I’ve heard John Schaub will do it once in a blue moon.

He’s no dummy either.

Having said that, most smart folks preach against what you are contemplating.

Hank

P.S. If you do a “Kaiser” search of the archives, you may find more info on how he might handle a sale/leaseback type arrangement.

Be Careful - Posted by Scott Vorous

Posted by Scott Vorous on October 25, 2003 at 10:53:19:

Sure, you could let the guy stay in the house, but from experience… you’re dilusional if you think you’ll get your money back.
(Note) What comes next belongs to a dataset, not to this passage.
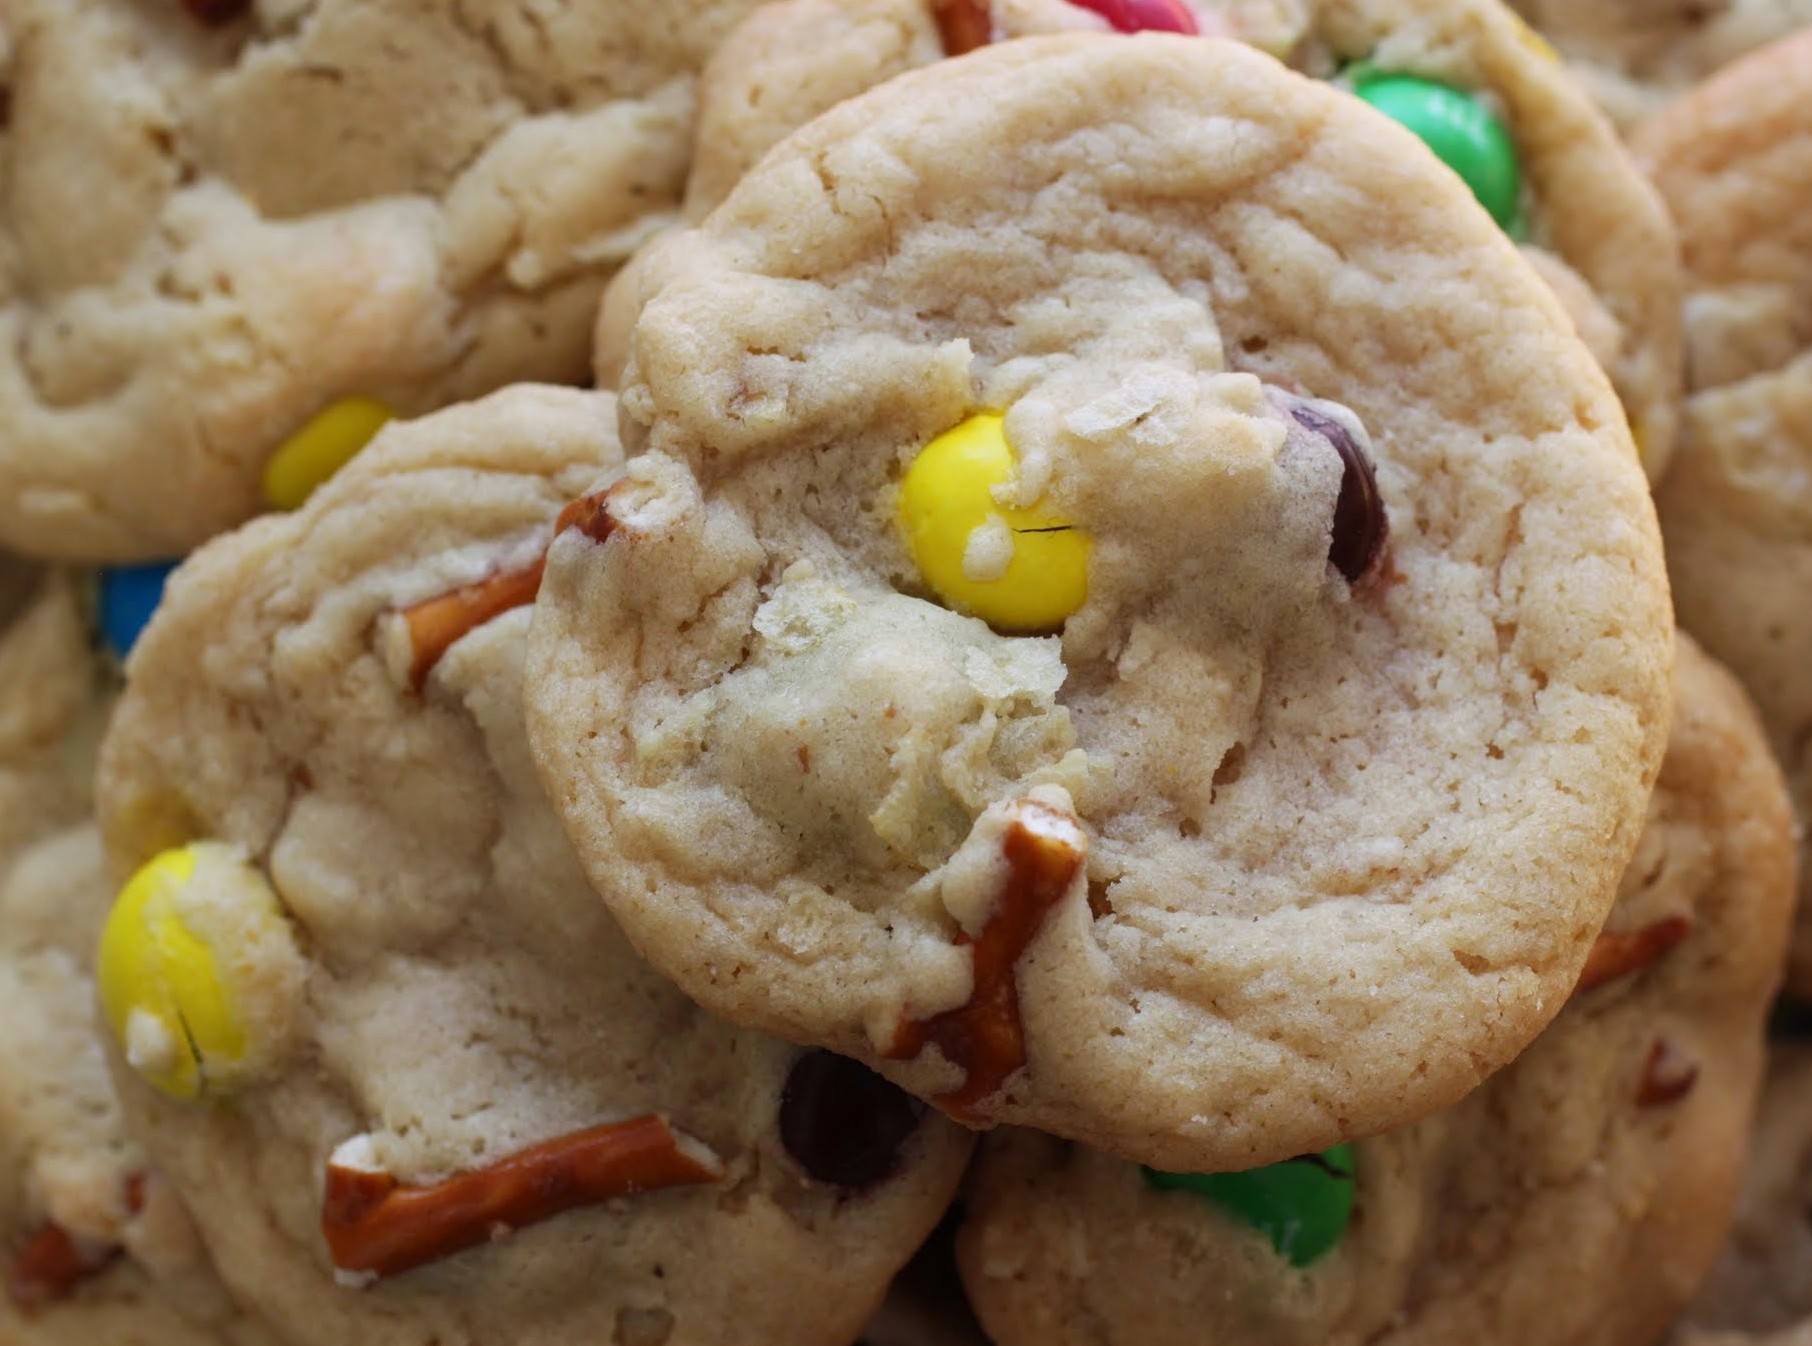 Sweet N' Salty Cookies

Here’s what I’m thinking… get the deed and shortsale the mortgages. Ensure you get low comps and bids on repairs (if necessary) to justify a low ball. Offer only 10% on the second. Be at the house when the lender arranges the BPO (learned that lesson the hard way!)

Other option, if the banks won’t play. Get the sellers to fill out a forebearance agreement. Most lenders will require a small amount of cash up front and they’ll put the rest on the backend (this has to be done by the seller)… you just take over payments. Get the guy (seller) out of the house and have a tenant buyer pay the cash required for the forebearance. If there’s enough cash left over (from the tenant buyer), give some to your seller to relocate. There’s some cool things you can do here, but that’s another story. Hope this helps.

Re: What do ya think of this deal, Gurus?? - Posted by phil fernandez

Posted by phil fernandez on October 24, 2003 at 20:39:52:

First if I do the deal, he’s out of the property. What makes you think he’ll pay you back the money that he owes you. He didn’t pay the bank. Making $5,000 on the $8,000 that you loaned him in 30 days
comes out to 750% interest if my math is correct. The judge won’t like that.

I’d go to the holder of both the 1st and 2nd and try to negotiate discounts on the mortgages. But don’t loan this guy money.

Re: What do ya think of this deal, Gurus?? - Posted by Clair-MO

Posted by Clair-MO on October 24, 2003 at 19:46:13:

Tom, Have your attorney worked out the security forms for you to make this private loan as for usury laws check with your state security exchange commission to see what they have to say about how much interest you can charge the individual. Be simple don’t complicate matters!

Re: What do ya think of this deal, Gurus?? - Posted by Brent_IL

Posted by Brent_IL on October 24, 2003 at 19:44:14:

I?m not a guru.

I just want to make sure I got this right:

When you pay the arrearage, he’s reinstated, and you have a third for $8,000 or $13,000 behind $190,000.

When he doesn’t pay you in 30 days, you are prepared to pay the taxes and make the payments on the first and second loans during the next three months to two years that it takes to get a relief from stay or get through the bankruptcy proceedings.

And then when he files a claim alleging fraud, and motions that any forcible detainer action be abated pending the outcome of his case, you are prepared to support the property for another six months of motions. And when the case is tried your paperwork will make it obvious to a state judge that although the man was under duress because of the impending loss of his home, that 750% a year interest is only fair given that you gave him $8,000 on approximately $50,000 equity.

Is that about it?

As I said, I?m not a guru, but I believe that no good can come from letting a former owner stay in the property, and your guy is still on title.